• _Raw data_
%%

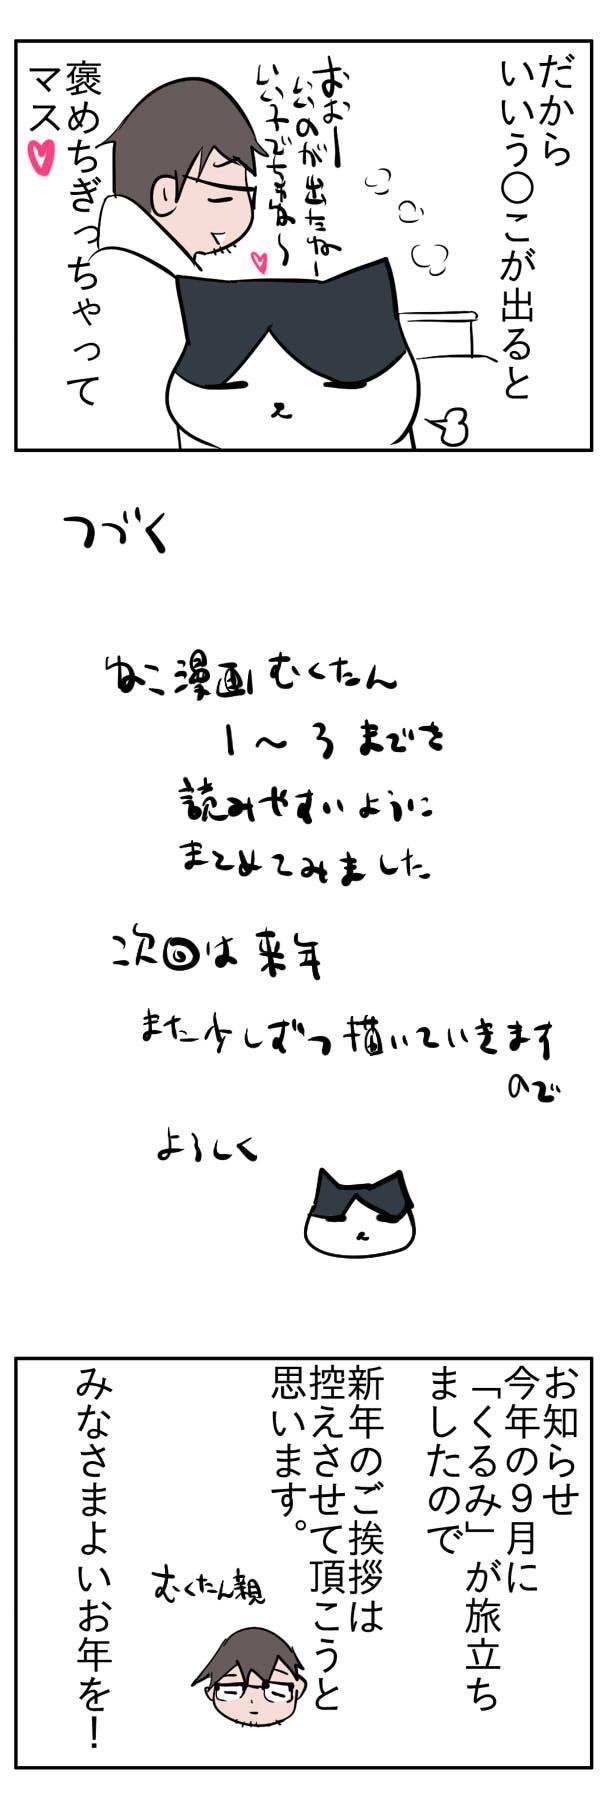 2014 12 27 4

%%
%%

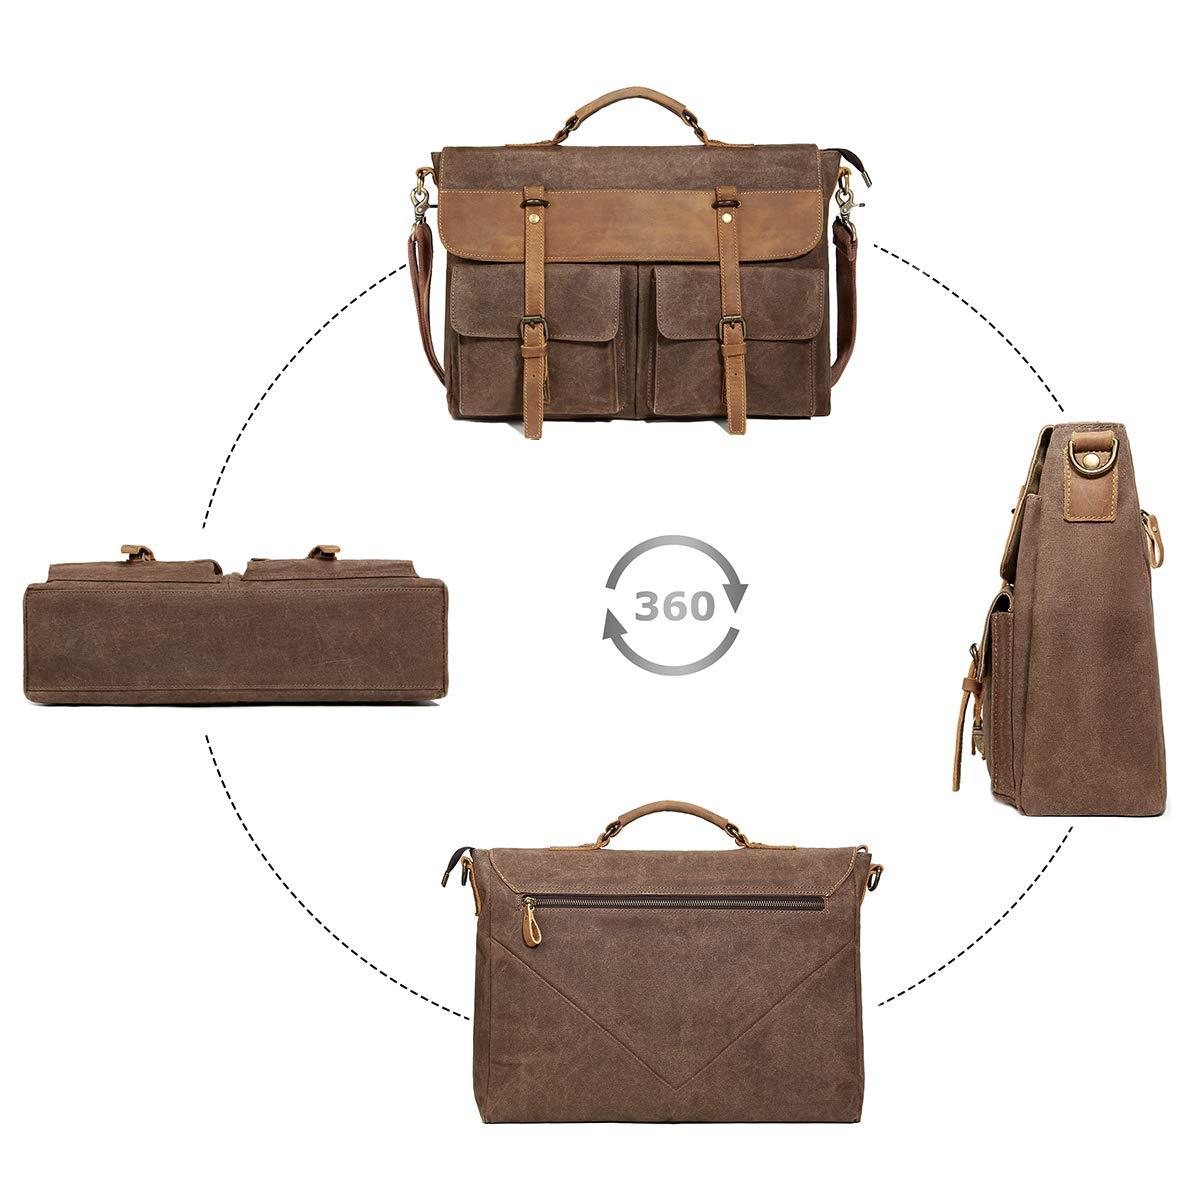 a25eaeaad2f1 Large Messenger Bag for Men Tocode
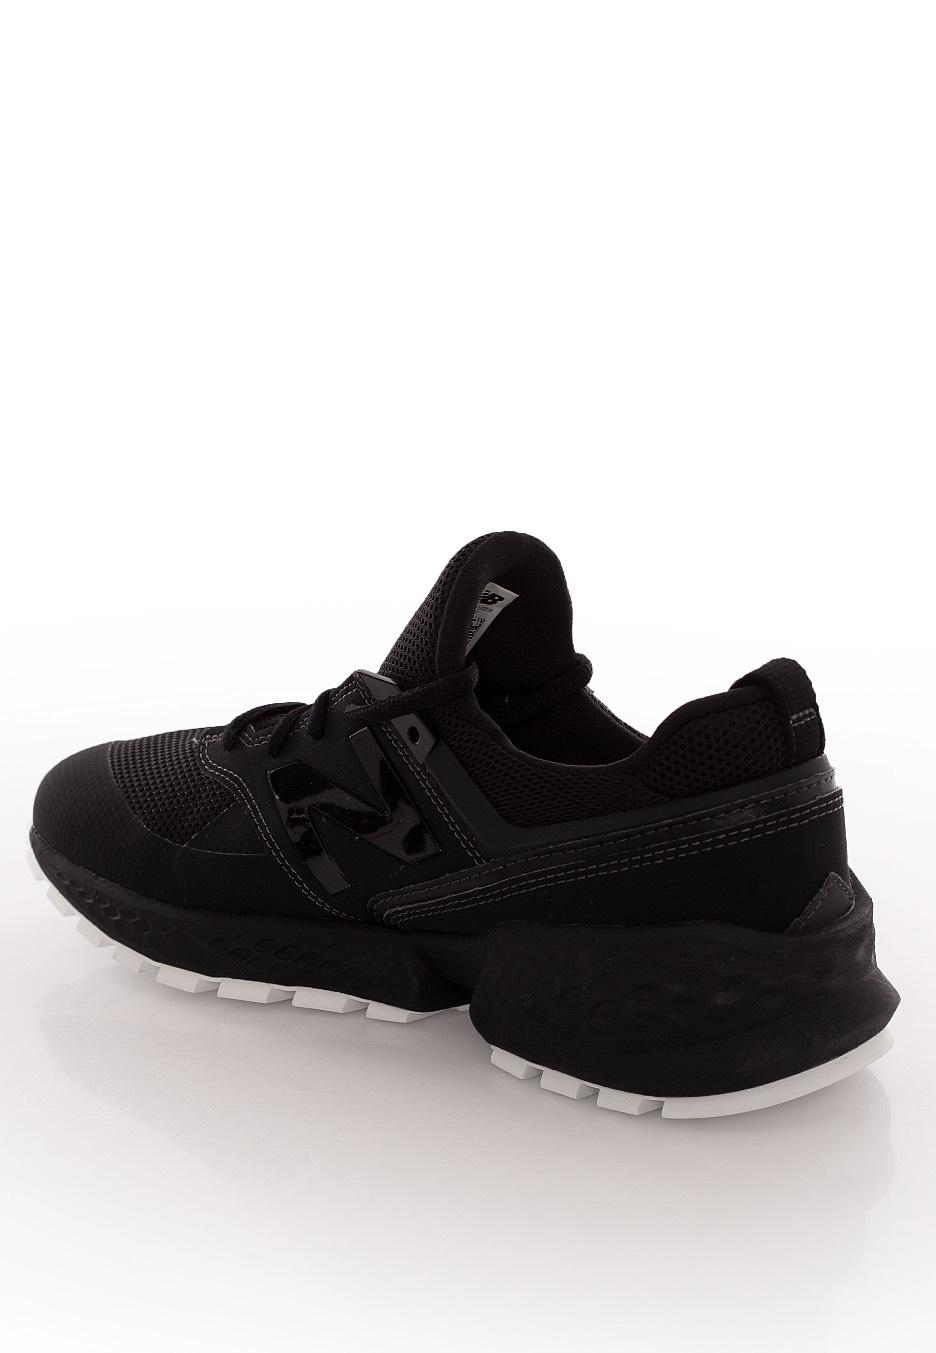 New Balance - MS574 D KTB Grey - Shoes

%%

• _Try it_
In the records above, find the line with "a25eaeaad2f1 Large Messenger" and the line with "New Balance - MS574 D KTB Grey - Shoes"; please transcribe exactly those two lines and all lines between them, omitting any picture.

• _Result of this task_
 a25eaeaad2f1 Large Messenger Bag for Men Tocode
 New Balance - MS574 D KTB Grey - Shoes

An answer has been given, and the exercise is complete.